1. What is TPP / LIBXSMM?

LIBXSMM is Intel’s open-source library of small, JIT-compiled matrix-math kernels (GEMMs, element-wise ops, transposes, VNNI/AMX micro-kernels). A Tensor Processing Primitive is a single, fused micro-kernel that operates on small tiles of a tensor — for example, a 32×32 BF16 BRGEMM (Batch-Reduce GEMM).

tpp-pytorch-extension wraps these primitives in a PyTorch C++ extension.
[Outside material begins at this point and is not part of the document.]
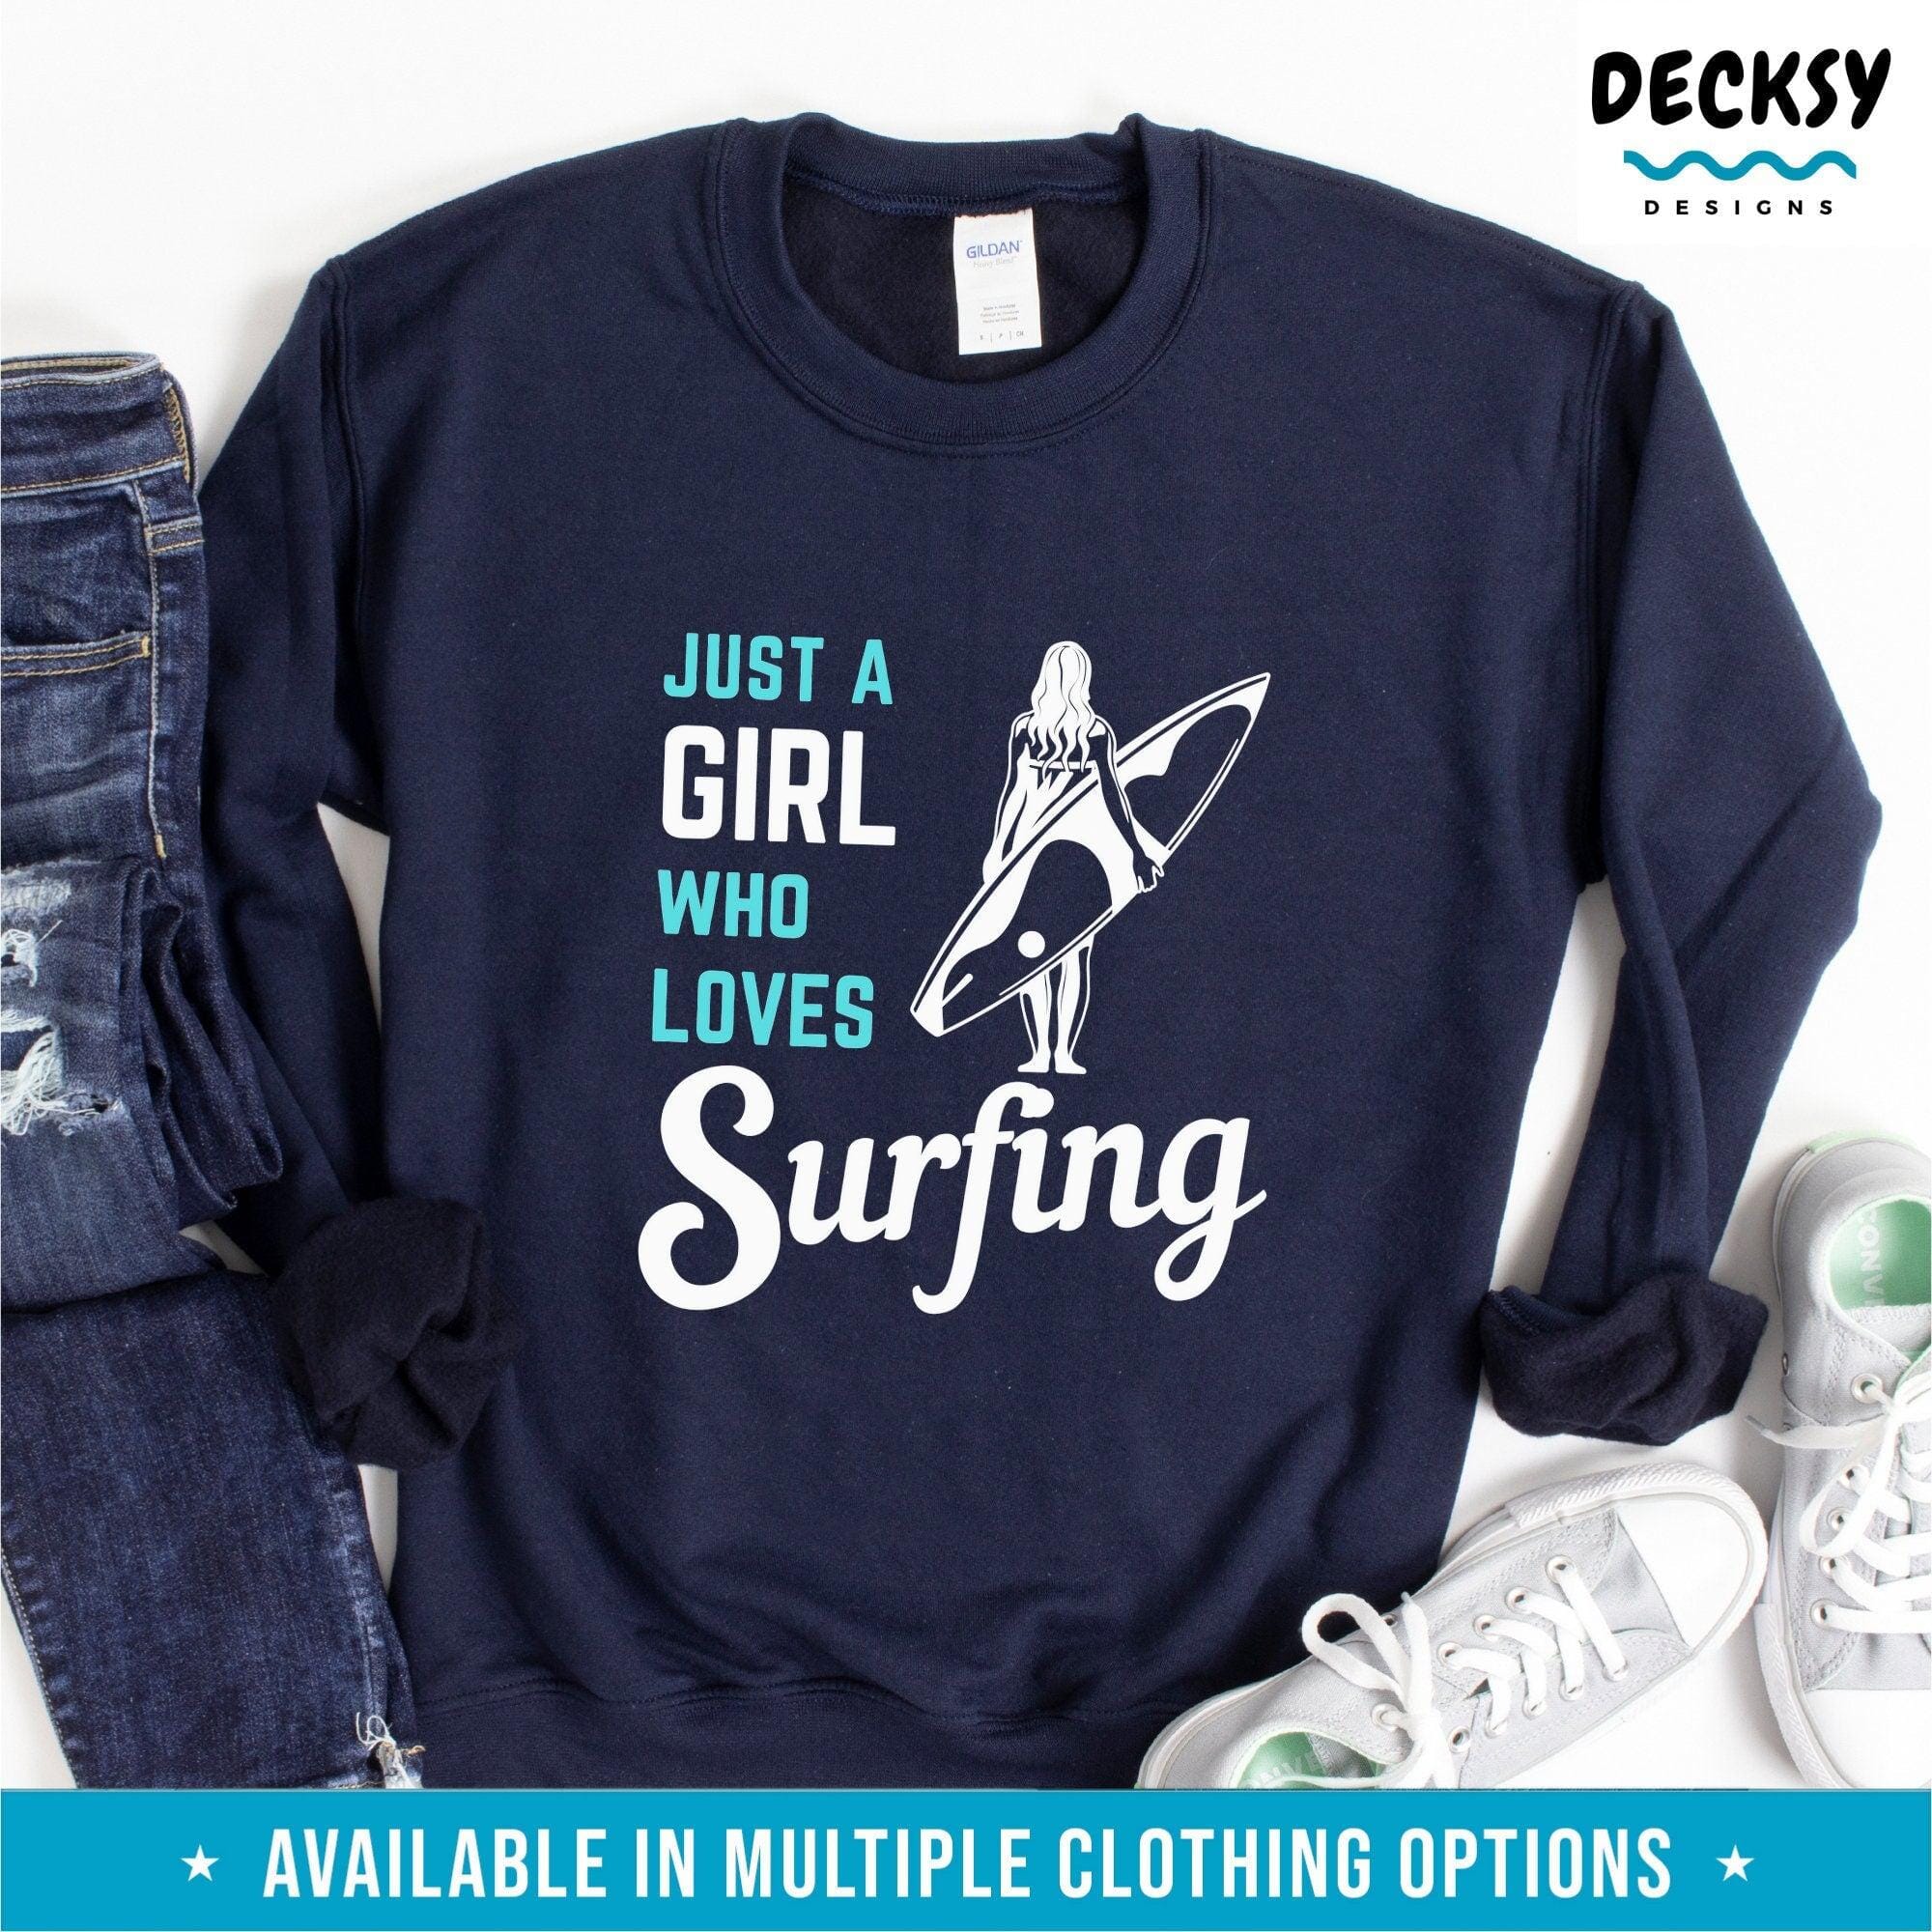 Surfer Girl Shirt, Beach Surf Gift For Her-Clothing:Gender-Neutral Adult Clothing:Tops & Tees:T-shirts:Graphic Tees-DecksyDesigns

When you call OptimizeModelForLlama(model, ...), it:

Monkey-patches the HuggingFace model’s forward methods so that every decoder layer’s forward is routed through a C++ LlamaDecoderLayer object.
Converts weights from plain nn.Linear into blocked layouts tailored for Intel VNNI / AMX instructions.
Optionally quantizes weights (MXFP4, QINT8, QINT2) at conversion time.
Replaces the default KV cache with a custom TppCache backed by a C++ object, with blocked KV storage and multiple layout choices.

The result: the entire decoder stack runs in fused C++ code with OpenMP thread-level parallelism, LIBXSMM micro-kernels, and no Python overhead per layer.

2. Connecting to the LLM Basics Tutorial

Recall the stages from the LLM basics post:

Tutorial Section	What is Computed	TPP Equivalent
§3 Embedding + Position	Token embedding lookup + RoPE	Precomputed RoPE table; OpenMP-parallel `apply_rotary_pos_emb_llama`
§4.2 Self-attention (Q, K, V projections)	$Q = XW_Q$, $K = XW_K$, $V = XW_V$	Fused QKV GEMM — one, two, or three multiplications fused into a single call
§4.3 Multi-Head Attention	Split into heads, compute $\text{softmax}(QK^T/\sqrt{d_k})V$	Blocked BRGEMM attention with flash-style online softmax
§4.4 Causal mask	Upper-triangle mask sets future scores to $-\infty$	Inline causal masking inside the attention loop
§4.5–4.6 MLP / FFN	$\text{down}(\text{SiLU}(\text{gate}(x)) \odot \text{up}(x))$	Fused GEMM + SiLU post-op, fused GEMM + element-wise multiply post-op
§8 KV Caching	Append K, V to a growing cache	`TppCache` with blocked S-dimension, multiple memory layouts

The rest of this post dives into each of these.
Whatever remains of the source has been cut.